LETTER TO LONGMAN’S INTRODUCING NEXT NOVEL
‘Briefly, the story I have in mind opens as a very orthodox murder mystery in a rural district. The perplexed parties have recourse to the local barrack which, however, contains some very extraordinary policemen who do not confine their investigations or activities to this world or to any known planes or dimensions. Their most casual remarks create a thousand other mysteries but there will be no question of the difficulty or ‘fireworks’ of the last book. The whole point of my plan will be the perfectly logical and matter-of-fact treatment of the most brain-staggering imponderables of the policemen. I should like to do this rather carefully and spend some time on it ..’ [1 May 1939]

LETTER TO SAROYAN
‘I guess it is a bum book anyhow. I am writing a very funny book now about bicycles and policemen and I think it will be perhaps good and early a little money quietly.’ [25 Sept 1939]; LATER [14 Feb. 1940] ‘The only good thing about it is the plot and I have been wondering whether I could make a crazy Saroyan play out of it. When you get to the end of this book you realise my hero or main character (he’s a heel and a killer) has been dead throughout the book and that all the queer ghastly things which have been happening to him are happening in a sort of hell which he has earned for the killing Towards the end of the book (before you know he’s dead) he manages to get back to his own house where he used to live with another man who helped in the original murder. Although he has been away three days, this other fellow is 20 years older and dies of fright when he seens the other lad standing in the door. Then the two of them walk back along the road to the hell place and start going through the same terrible adventures again, the first fellow being surprised and frightened at everything just as he was the first time and as if he had never been through it before. It is made clear that this sort of thing goes on forever - and there you are. It is supposed to be very funny but I don’t know about that either. … I envy you the way you write … I can never seen to get anything just right … Nevertheless, I think the idea of a man being dead all the time is pretty new. When you are writing about the world of the dead - and the damned - where none of the rules and laws (not even the Law of Gravity) holds good, there is any amount of scope for back chat and funny cracks.’ [Ibid.; 111; note vars. from version printed back of Calder Edn. of Third Policeman]. Cronin calls O’Brien a precursor of the deconstructive fiction [162-63].

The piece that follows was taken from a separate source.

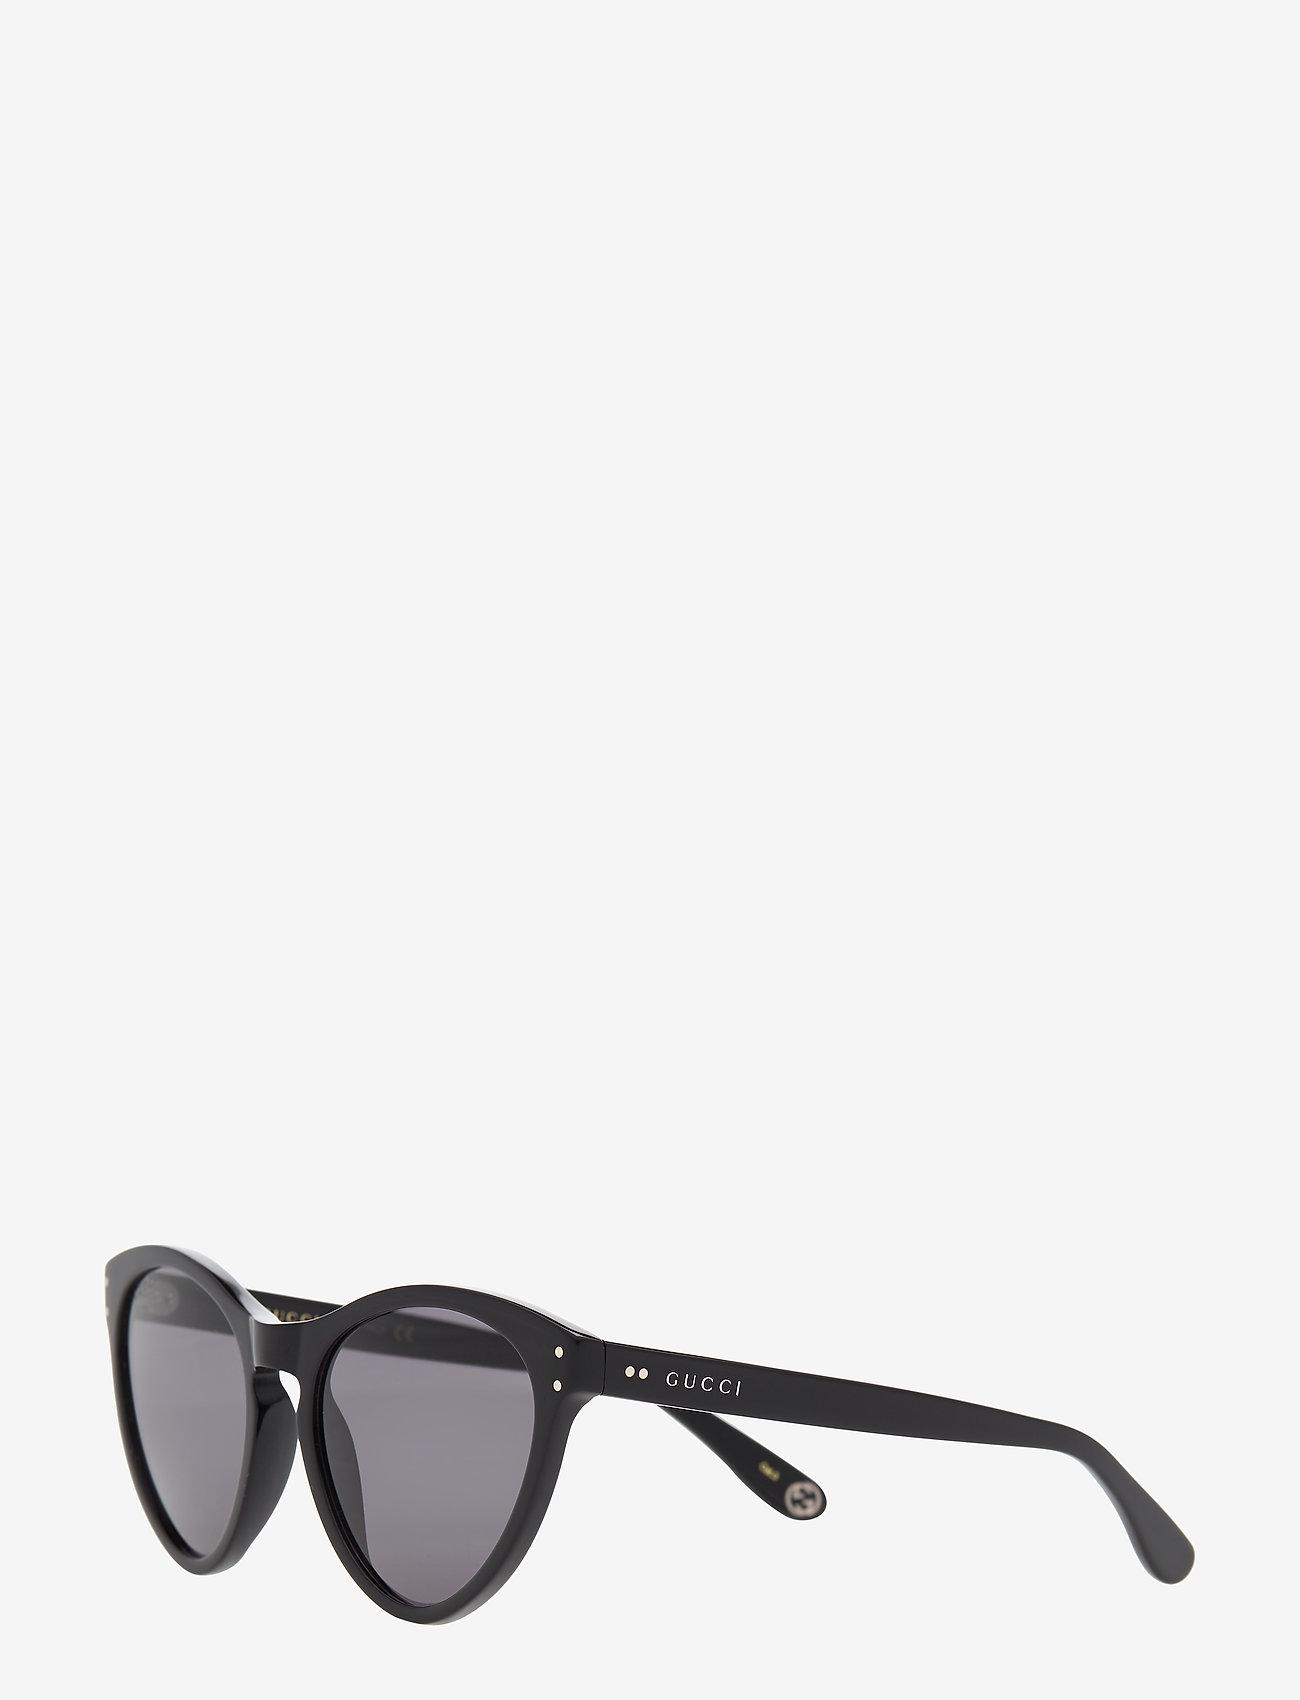 Gucci Sunglasses - GG0569S - cat-eye - black-black-grey - 1

Cronin prints Flann’s critique of the extension of Civil Service pension scheme: ‘the bulk of the material in Parliament at present is dangerously mediocre and the considerable problems of the future can be hopefully attacked only if the attitude to those forced to enter the administrative service is emancipatory rather than restrictive. People of intellitience whose parents have no money have virtually no other choice. Children of the well-to-do enter the professions and the majority are too absorbed in their lucrative work to make any contribution to public affairs. The only other considerable class is the business community. Business experience seems to coner an ex parte and unduly materialistica mentality; businessmen in public life have not been impressive. The administrator, on the other hand, has uniquely useful experience of the structure and function of the modern civil organism. It would be difficult to imagine a better deputy than a man who has served for 20 years as a County manager and who retired in his prime (say at 50) to take a hand in public affairs’. [Heads of Superannuation Bill, NLI]

ON THE THIRD POLICEMAN and THE DALKEY ARCHIVE: ‘he was mining a masterwork to produce the dull dross of a tired and inferior one.’[149]